Demo video: https://youtu.be/MzRgJoJAXGc (side-by-side: same model, same task, with and without Forge guardrails)
The paper (accepted to ACM CAIS '26, presenting May 26-29 in San Jose) covers the peer-reviewed findings across 97 model/backend configurations, 18 scenarios, 50 runs each. Key numbers:
- Ministral 8B with Forge: 99.3%. Claude Sonnet with Forge: 100%. The gap between a free local 8B model on a $600 GPU and a frontier API is less than 1 point.
- The same 8B local model with Forge (99.3%) outperforms Claude Sonnet without guardrails (87.2%) - an 8B model with framework support beats the best result you can get through frontier API alone.
- Error recovery scores 0% for every model tested - local and frontier - without the retry mechanism. Not a capability gap, an architectural absence.
I'm currently using this for my home assistant running on Ministral 14B-Reasoning, and for my locally hosted agentic coding harness (8B managed to contribute to the codebase!).
The guardrail stack has five layers, each independently toggleable. The two that carry the most weight (per ablation study with McNemar's test): retry nudges (24-49 point drops when disabled) and error recovery (~10 point drops, significant for every model tested). Step enforcement is situational - only fires for models with weaker sequencing discipline. Rescue parsing and context compaction showed no significance in the eval but are retained for production workloads where they activate once in a while.

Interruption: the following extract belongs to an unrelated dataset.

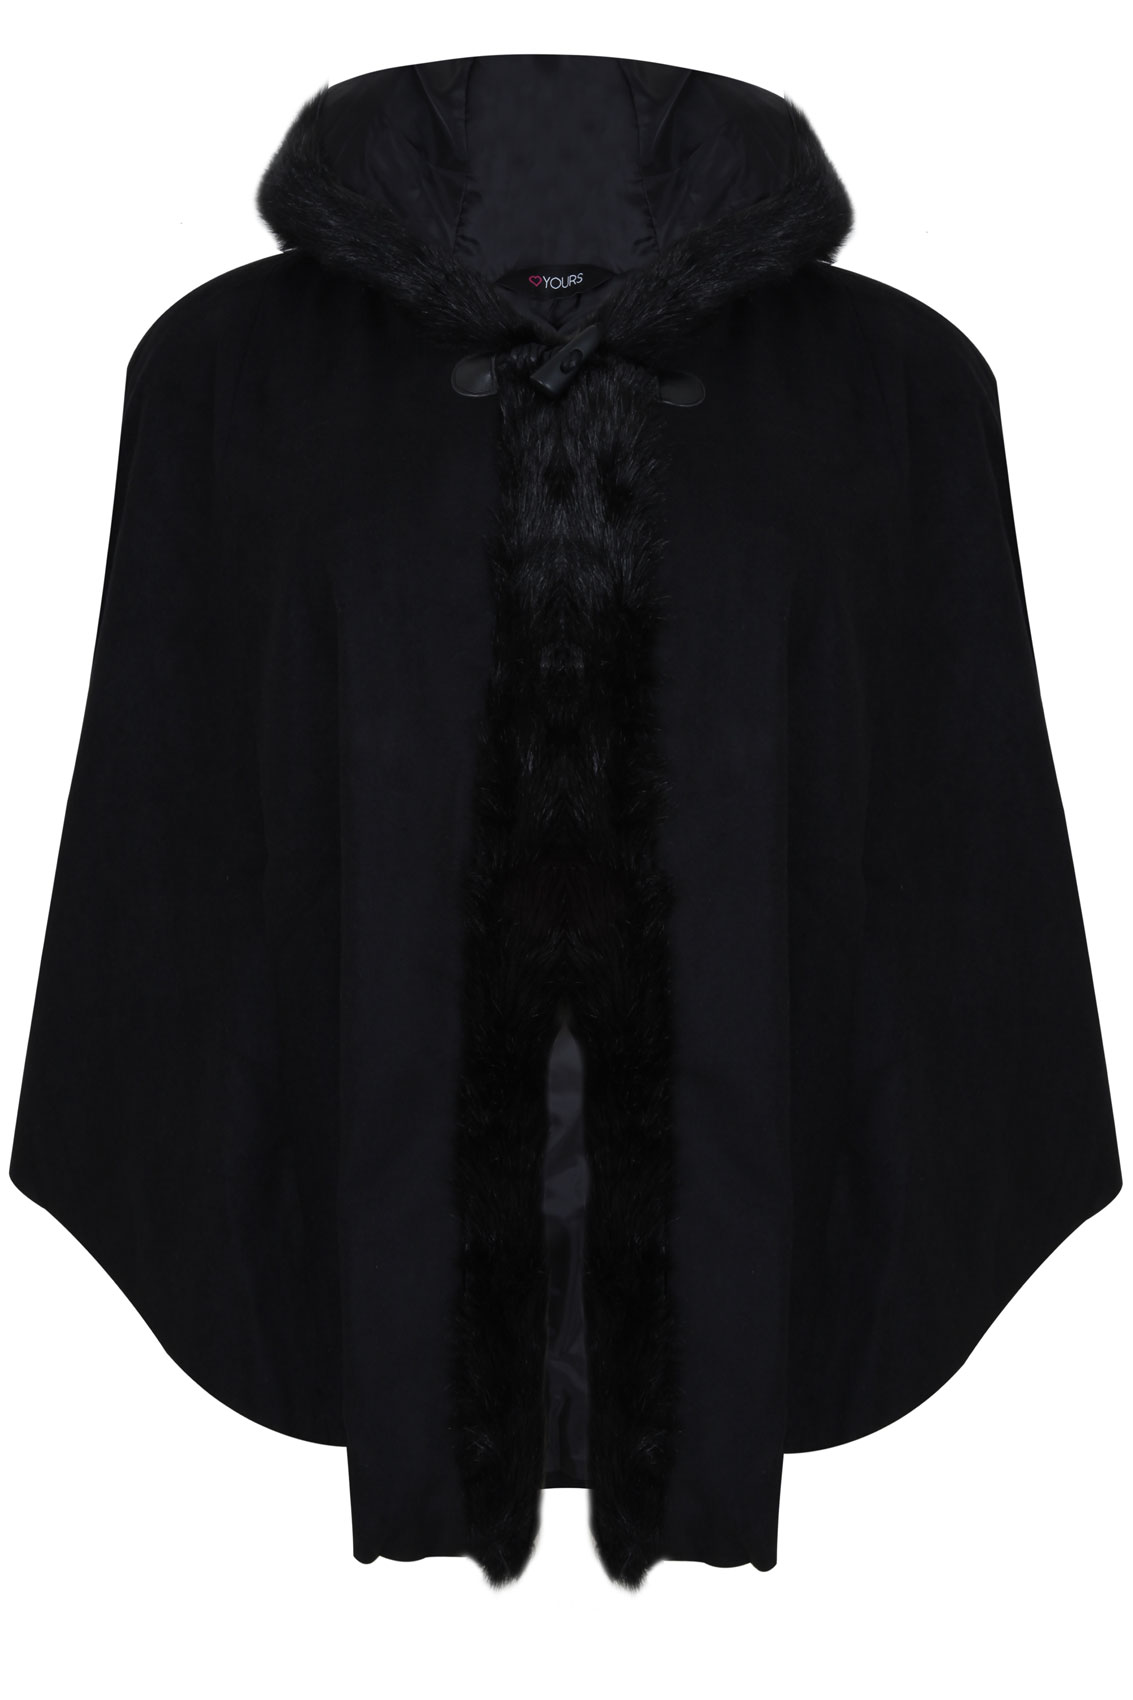 Black Cape With Fur Trim Hood Plus Size 16 to 34

One thing I really didn't expect: the serving backend matters. Same Mistral-Nemo 12B weights produce 7% accuracy on llama-server with native function calling and 83% on Llamafile in prompt mode. A 75-point swing from infrastructure alone. I don't think anyone's published this because standard benchmarks don't control for serving backend.

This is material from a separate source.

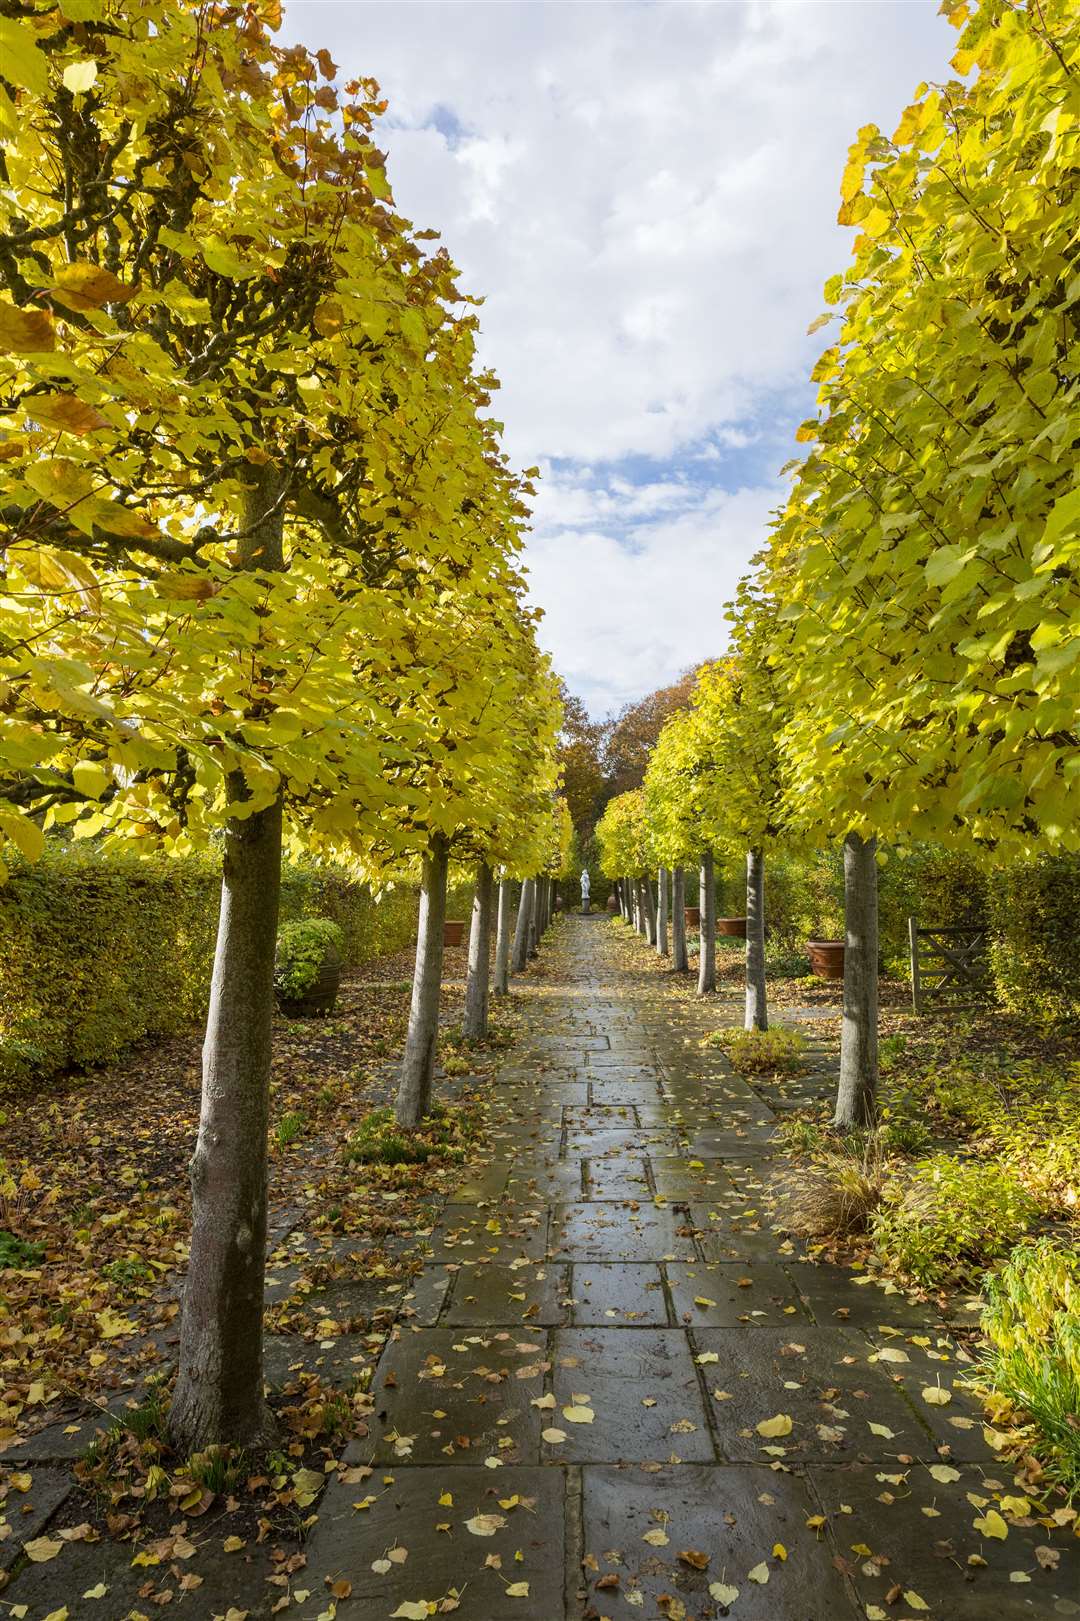 Golden avenue of trees in the gardens at Sissinghurst Castle Garden Picture: National Trust/James Dobson

Another surprise: there's no distinction in current LLM tool-calling between "the tool ran successfully and returned data" and "the tool ran successfully but found nothing." Both return a value, the orchestrator marks the step complete, and bad data cascades downstream. It's the equivalent of HTTP having 200 but no 404. Forge adds this as a new exception class (ToolResolutionError) - the model sees the error and can retry instead of silently passing garbage forward.
Biggest technical challenge was context compaction for memory-constrained hardware. Both Ollama and Llamafile silently fall back to CPU when the model exceeds VRAM - no warning, no error, just 10-100x slower inference. Forge queries nvidia-smi at startup and derives a token budget to prevent this.
How to try it:
- Clone the repo, run the eval harness on a model I haven't tested. If you get interesting results I'll add them to the dashboard.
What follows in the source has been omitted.